ACCC clears Vocus, NextGen deal

The competition watchdog says it won't oppose Vocus Communications’ proposed acquisition of Nextgen Networks, plus two development projects, for up to $861 million.

The Australian Competition and Consumer Commission found that services provided by the two companies were "largely complementary".

"Where there was overlap, the combined competitive constraint from other major wholesale suppliers, namely Telstra, Optus, and TPG, would likely be sufficient to limit any harm to competition," the ACCC said.

Following completion of the acquisition, Vocus, which purchased Perth-based Amcom Telecommunications in 2015 and M2 Group shortly after that, plans to expand its connection points to the National Broadband Network from 68 to 112 out of a possible 121 nationwide NBN points of interconnect (POIs).

The expansion will provide more wholesale options for smaller broadband providers at those POIs while also offering access to a broader bundle of products.

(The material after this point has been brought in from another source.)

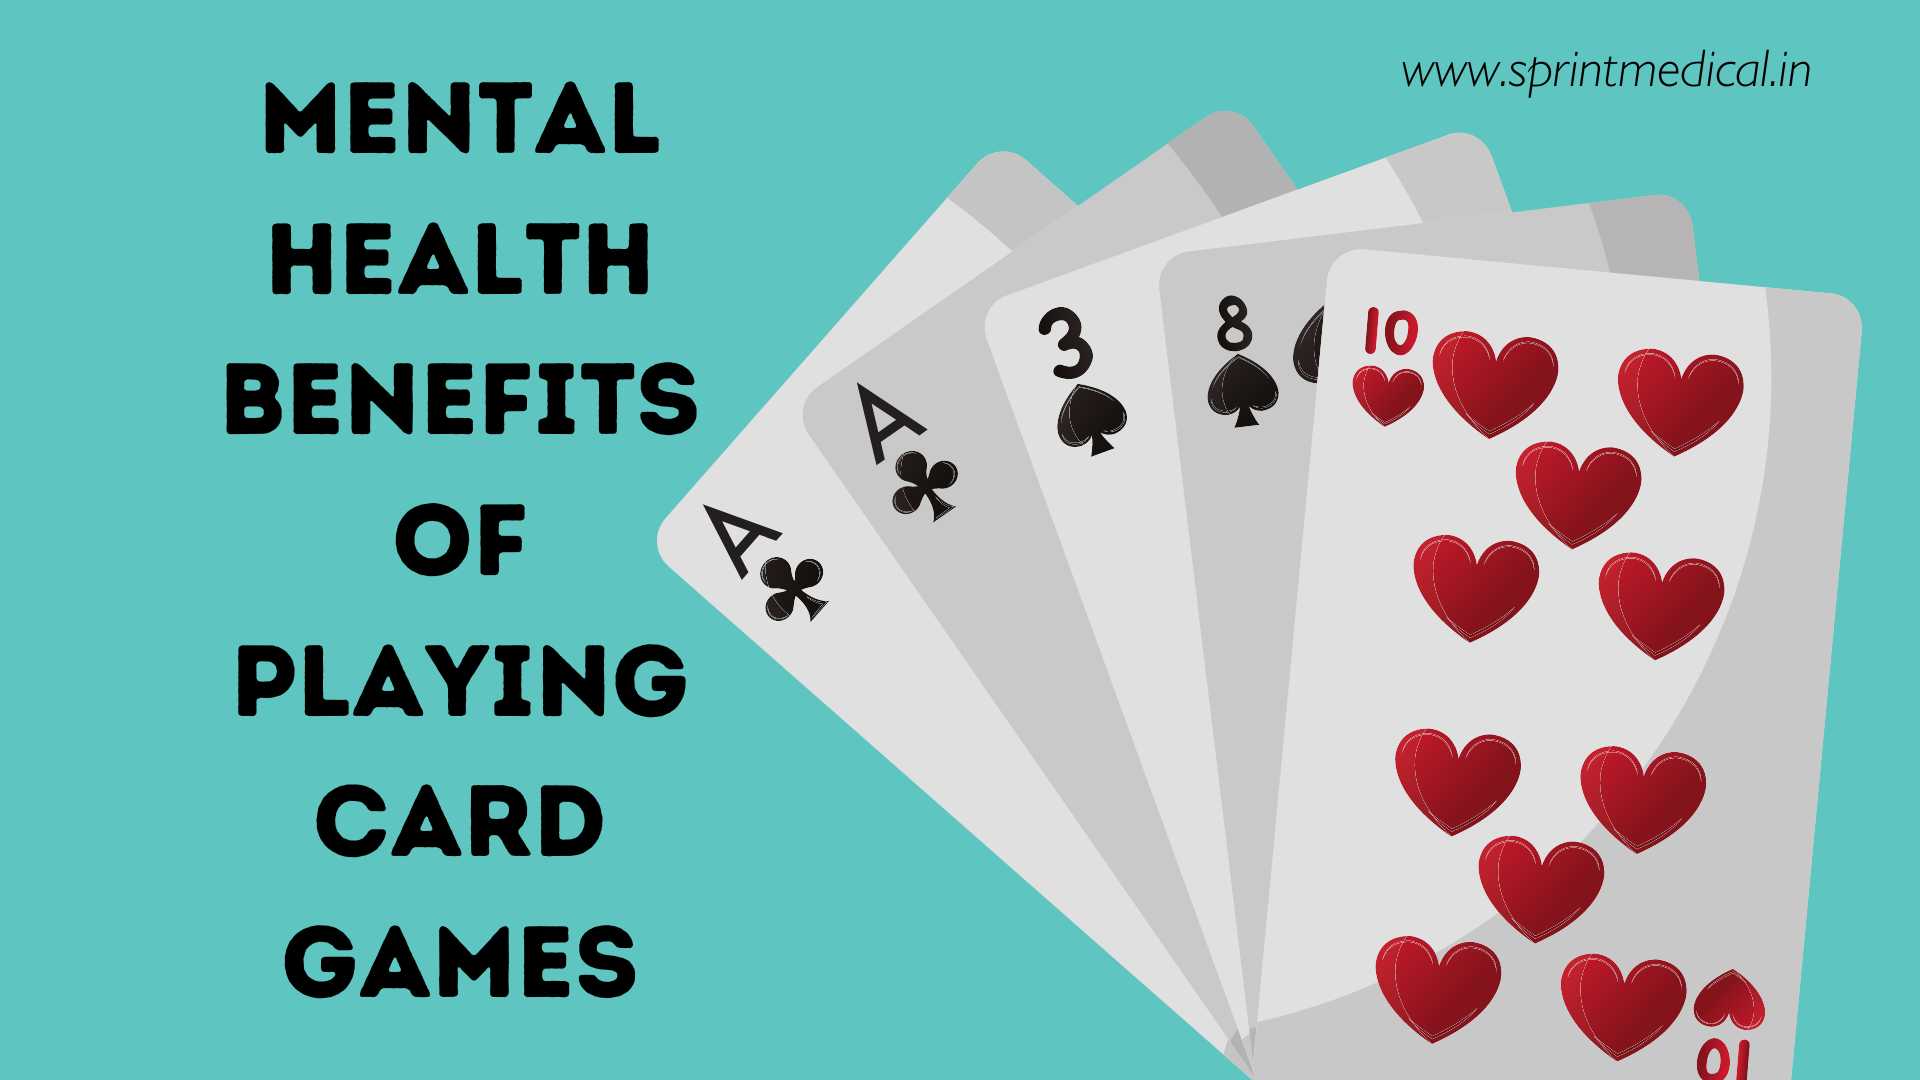 https://images.ctfassets.net/eexbcii1ci83/FFVexcCF2r9y32NKaeJuN/2c5114d698ce78b9cfbd2032b90d29cc/Mental_health_benefits_of_playing_card_games.jpg
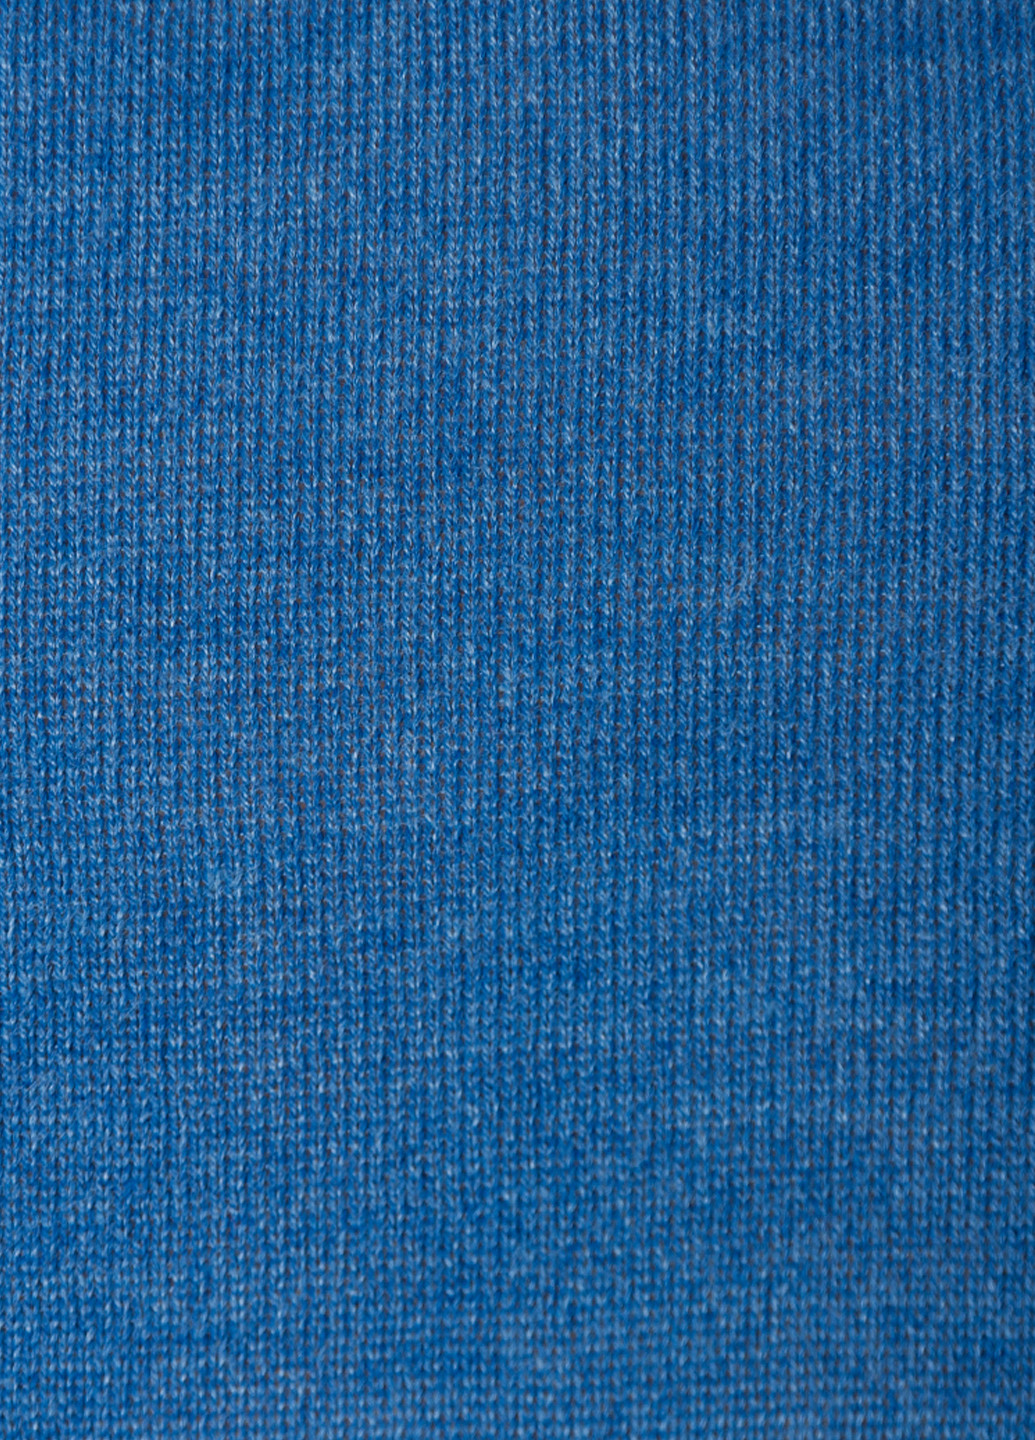 Синий зимний пуловер мужской Arber Crew-neck FF N-AVT-49

Chairman Rod Sims said in assessing the deal, the watchdog took into account that Nextgen was the only remaining significant supplier of wholesale transmission services that wasn’t vertically integrated.

This possible acquisition has come under close scrutiny due to that fact, as I have said in the past that it would,” Mr Sims said.

“What the ACCC really had to consider here was whether the acquisition has the potential to make it harder for smaller broadband providers to compete if they have to acquire wholesale services from competitors that are vertically integrated.”

Mr Sims said the market didn’t show much concern over the deal.

“There was very little concern raised by market participants. Small broadband providers say they are not generally reliant on Nextgen to be able to compete,” he said.

“In addition, excess capacity in the wholesale transmission market provides an incentive for providers of wholesale transmission to sell that capacity, even if they are vertically integrated.”

Mr Sims said while the proposed deal didn’t raise concerns, the ACCC would keep a watch on competition in the telecommunications industry.

“The four largest retail service providers - Telstra, Optus, TPG, and Vocus - supply over 90 per cent of broadband services in Australia,” Mr Sims said.

“Any future potential mergers or acquisitions that increase concentration can expect to receive close examination from the ACCC.”